В этот момент мы находимся в самом сердце территории беззакония — в плохо освещенной части Пренцлауер-Берг, — чуть в стороне от того места, где проститутки уже начали предлагать свои услуги.
— Так было и на некоторых улицах Парижа двадцать лет назад, — замечает Стефан.
— Куда, думаешь, они идут со своими клиентами?
— Без понятия. В машины? Может быть, у них есть маленькие дешевые квартирки.
Среди них замечаю полную брюнетку, ну очень толстую, втиснувшую себя в корсет. От вида ее телес, выступающих сверху и снизу зажатой талии, меня переполняют страх и веселье. Она мимоходом бросает на Стефана взгляд, зазывной и пренебрежительный одновременно, задерживает внимание на нем не более секунды, а потом снова возвращается к своей целевой аудитории, которая, как я думаю, находится в конце этой улицы и в начале следующей, — какой-то из тысячи мужчин согласится сделать передышку в тепле. Даже не знаю, увидела ли она Стефана по-настоящему. Кто знает, может быть, люди вроде него, которые лишь смотрят, проходя мимо (неважно, с какой настойчивостью они глазеют), спустя какое-то время сливаются в недружелюбную и насмешливую толпу. Толпу, состоящую из людей, которые были бы не против, но не могут себе позволить, которым хотелось бы, но они не осмеливаются, и тех, кому и не хочется, но они все же возбуждаются по дороге домой. Эта толпа не заплатит ни цента за то, что пожирает ее глазами, пусть она и творит чудеса, будучи одновременно укутанной побольше моего и более голой, чем какая-либо статуя. Стиснутая корсетом, натянутым поверх расстегнутого пуховика, вот так она предлагает себя.
— Почему ты
никогда не посещал бордель?— Я никогда не испытывал необходимости идти туда.

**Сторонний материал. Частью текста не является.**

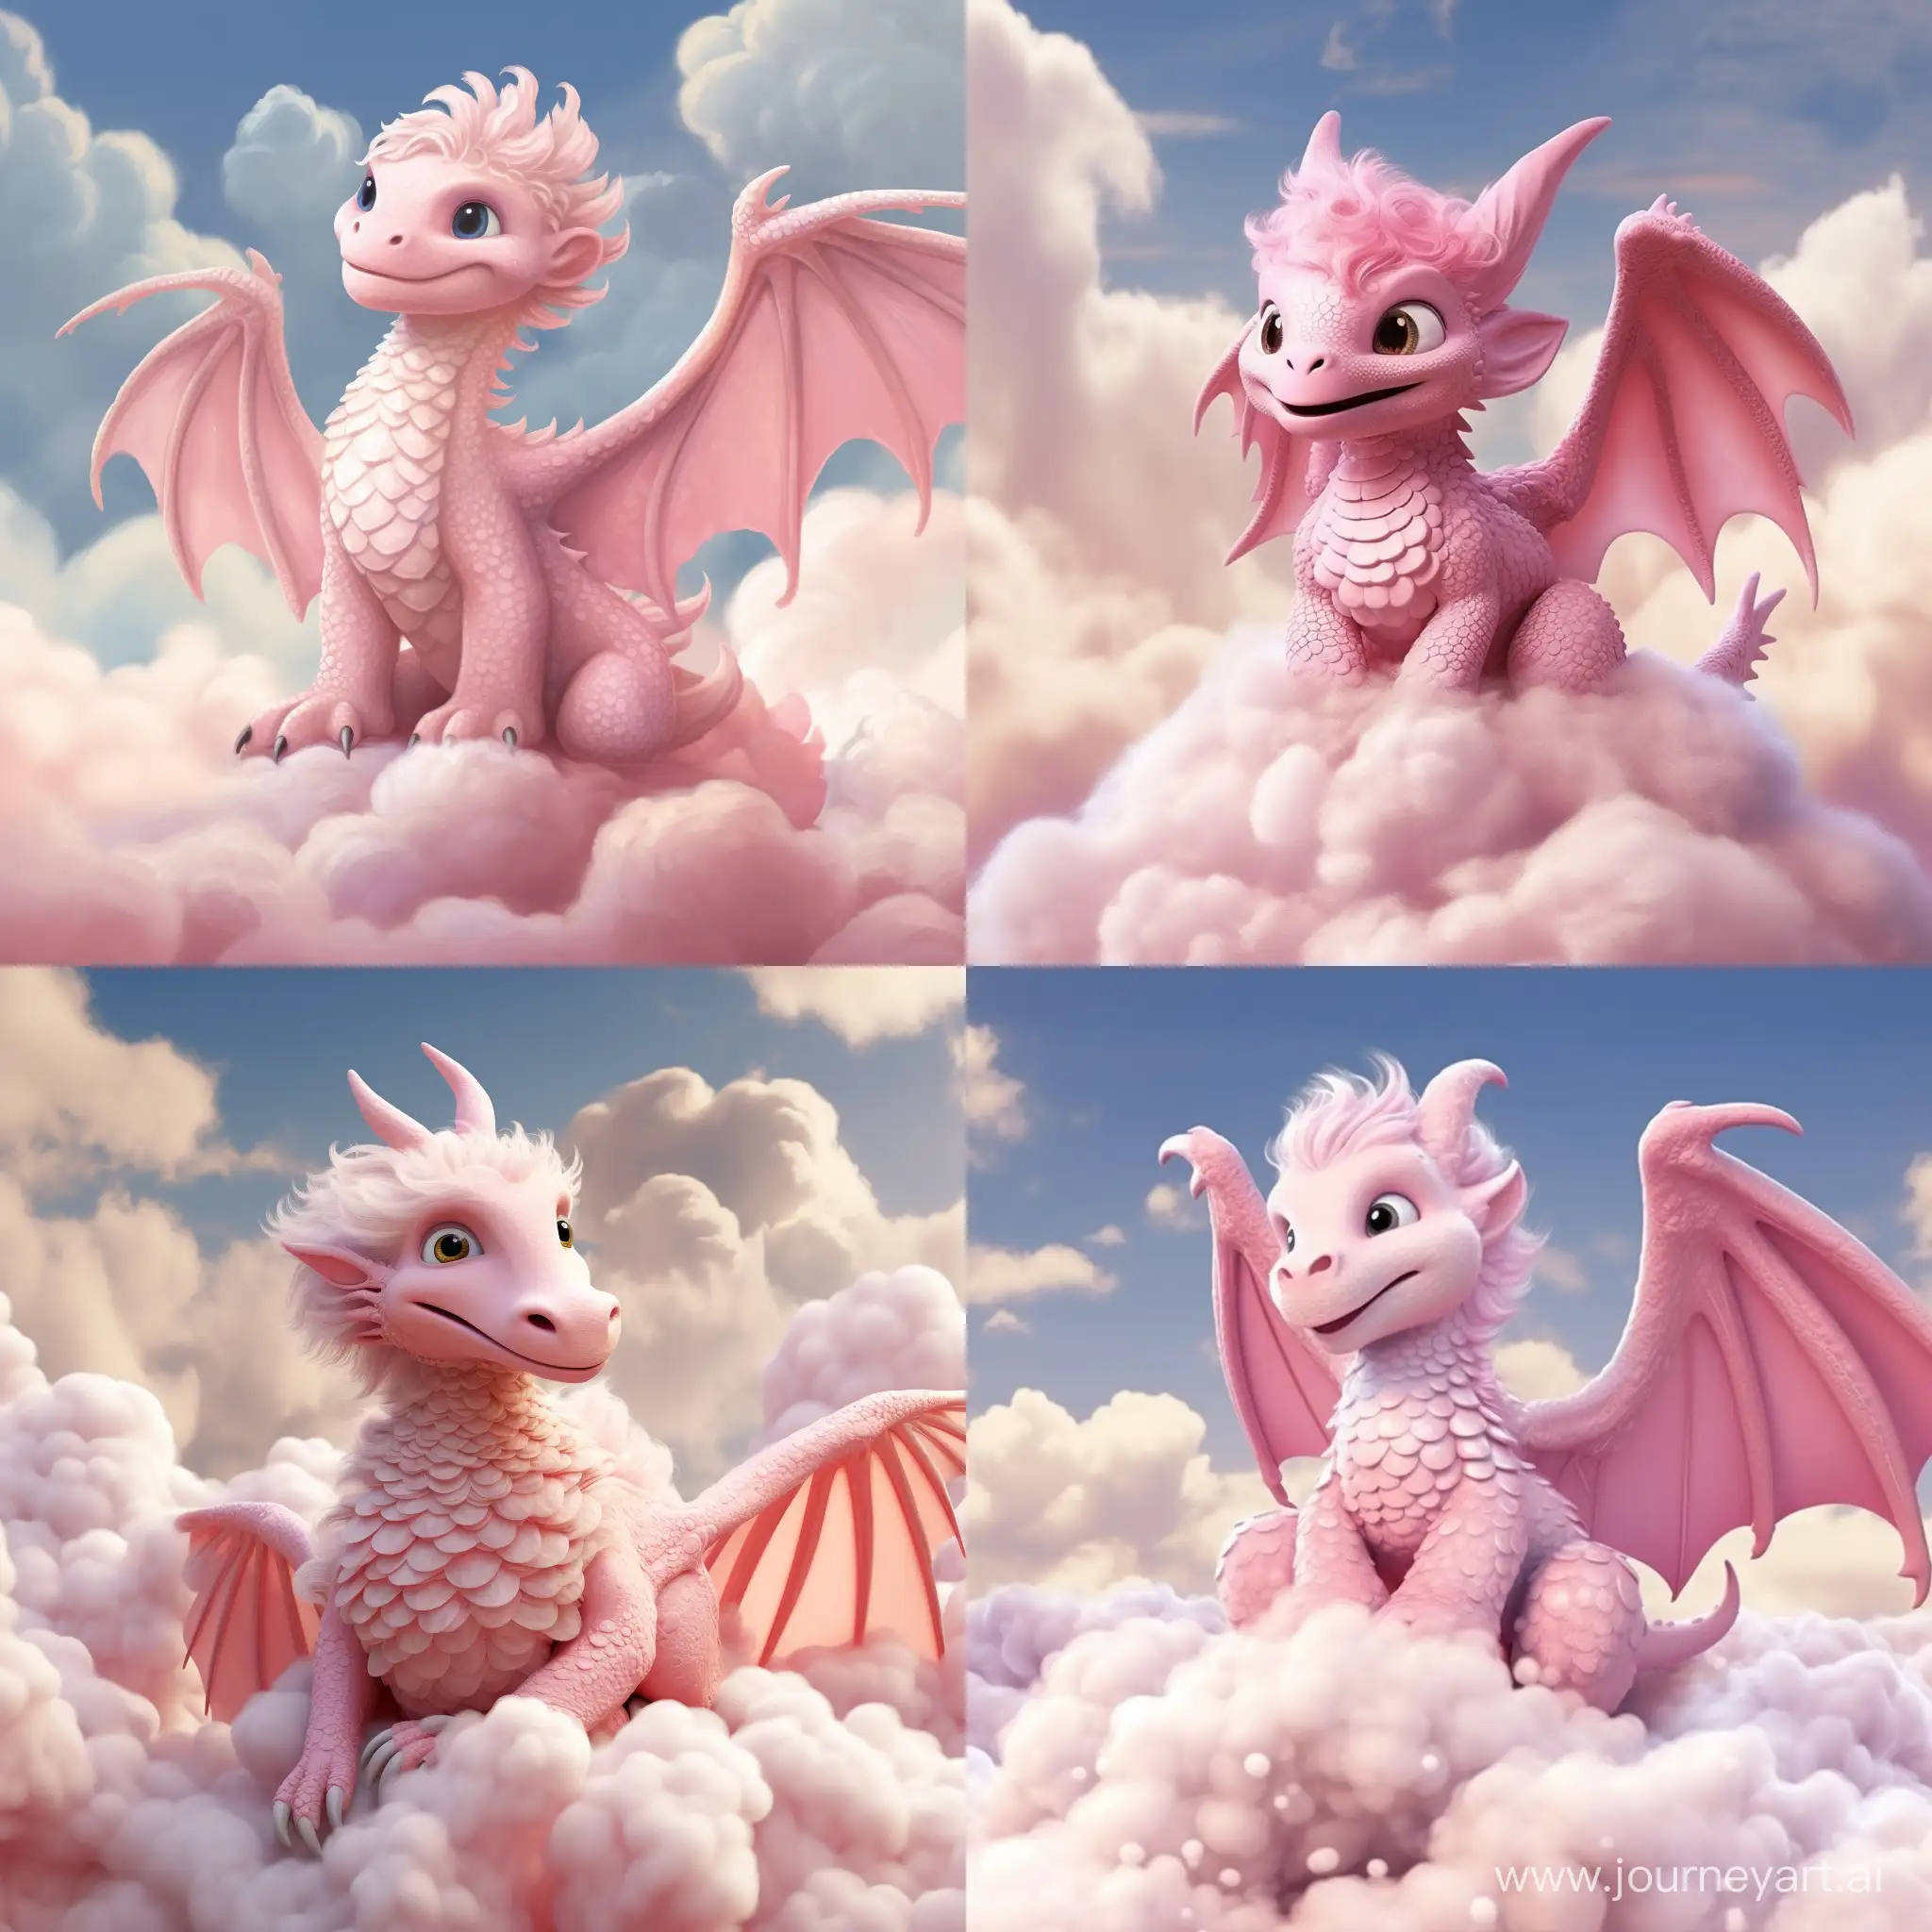 милый розовый дракон сидит на мягком пушистом облачке, сказочно, высокая детализация
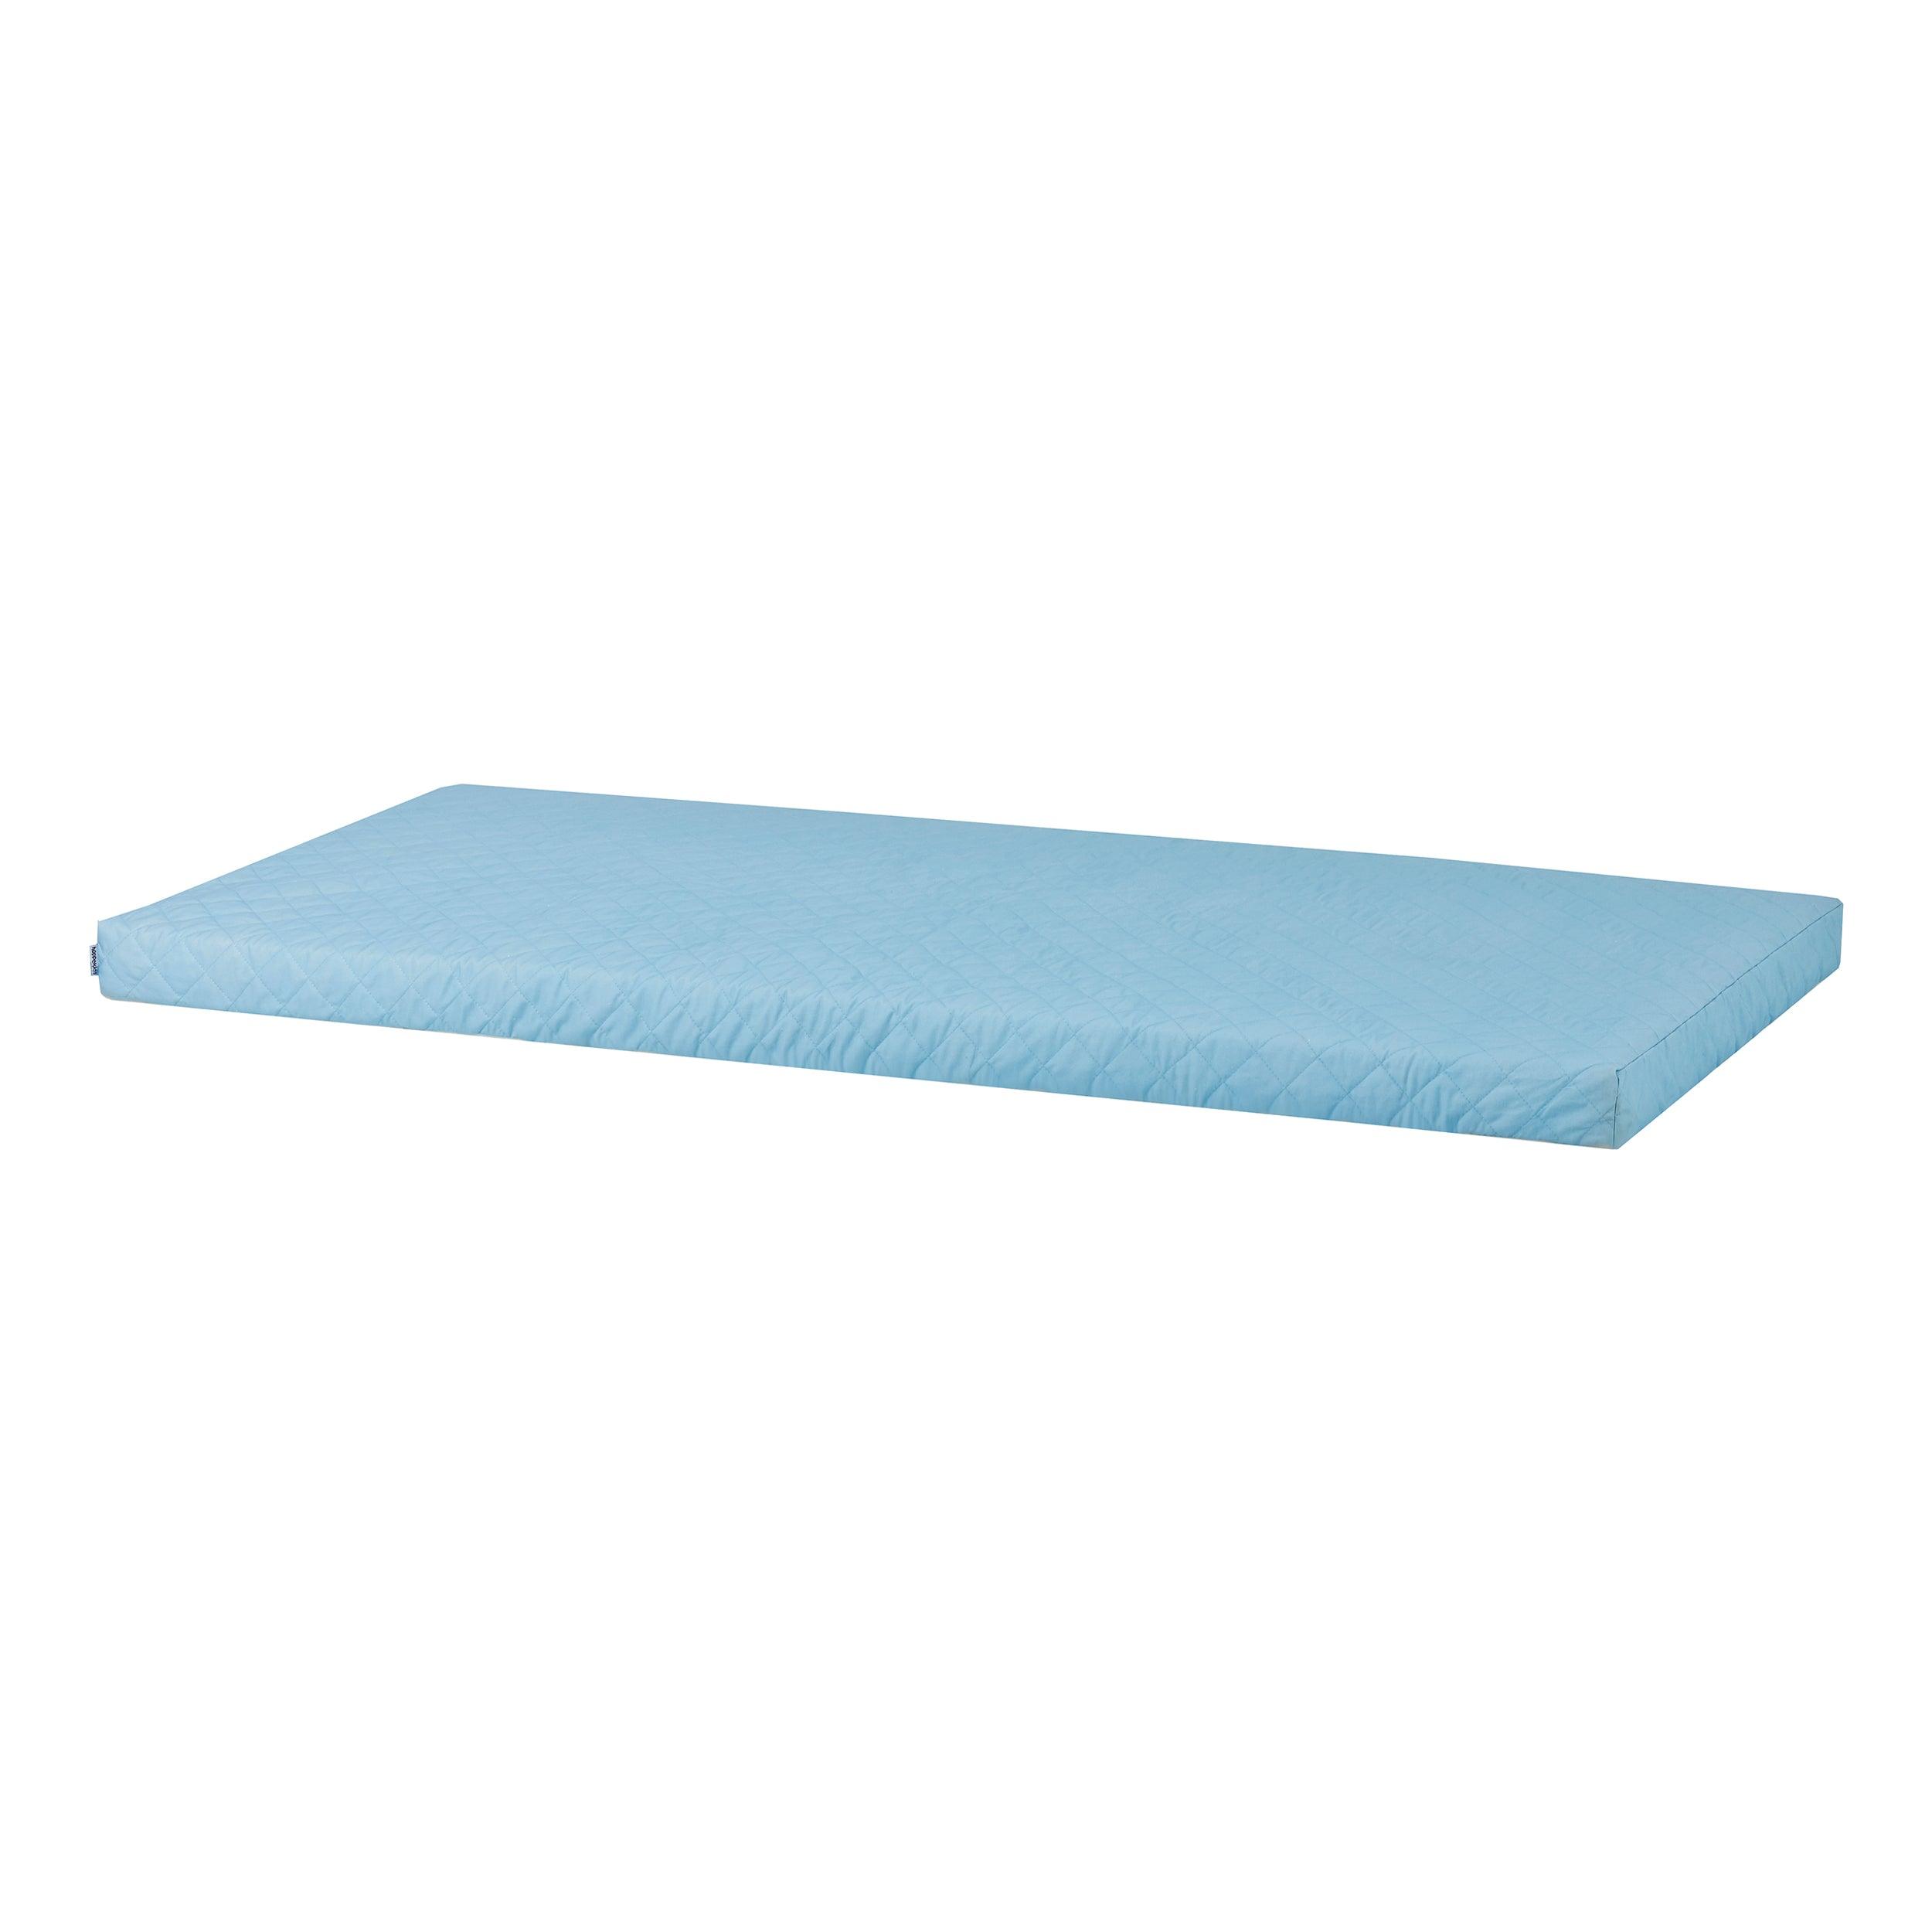 Hoppekids foam mattress including quilted cover

— Разве дело в необходимости?
— Скажем, что мне никогда не нужно было платить женщинам. Ты наслышана о моей жадности.
— Значит, все дело в деньгах? Только не говори, что дело именно в них.
— С какой стати я стал бы платить проституткам, если могу найти девушку, которая захочет меня бесплатно?
— Ай, Стефан!.. Ну, не знаю, ради поэзии?
— Меня не особенно возбуждает идея спать с девушкой, когда я знаю, что она согласилась, потому что я заплатил. Если бы ты была мужчиной, ты бы поняла, о чем я.
Я прыскаю от смеха, и от моей нынешней навязчивой мысли мне мерещится, что одна из проституток — миниатюрная блондинка, что смотрит на нас — улыбается мне в ответ.
— Если бы я была мужчиной? Дорогой, если бы я была мужчиной, я не дала бы им выпустить себя из рук.
— Это ты так думаешь.
— Ну ладно, может, не тем, что стоят на улице. Я бы пошла в бордель. Ты не находишь это чудесным? Даже не ходить туда, а просто иметь такую возможность. Представляешь, идешь ты на работу, и тебе вдруг хочется потрахаться, а на твоем пути стоит небольшой бордель, а в нем — пятнадцать хорошеньких девушек, которые…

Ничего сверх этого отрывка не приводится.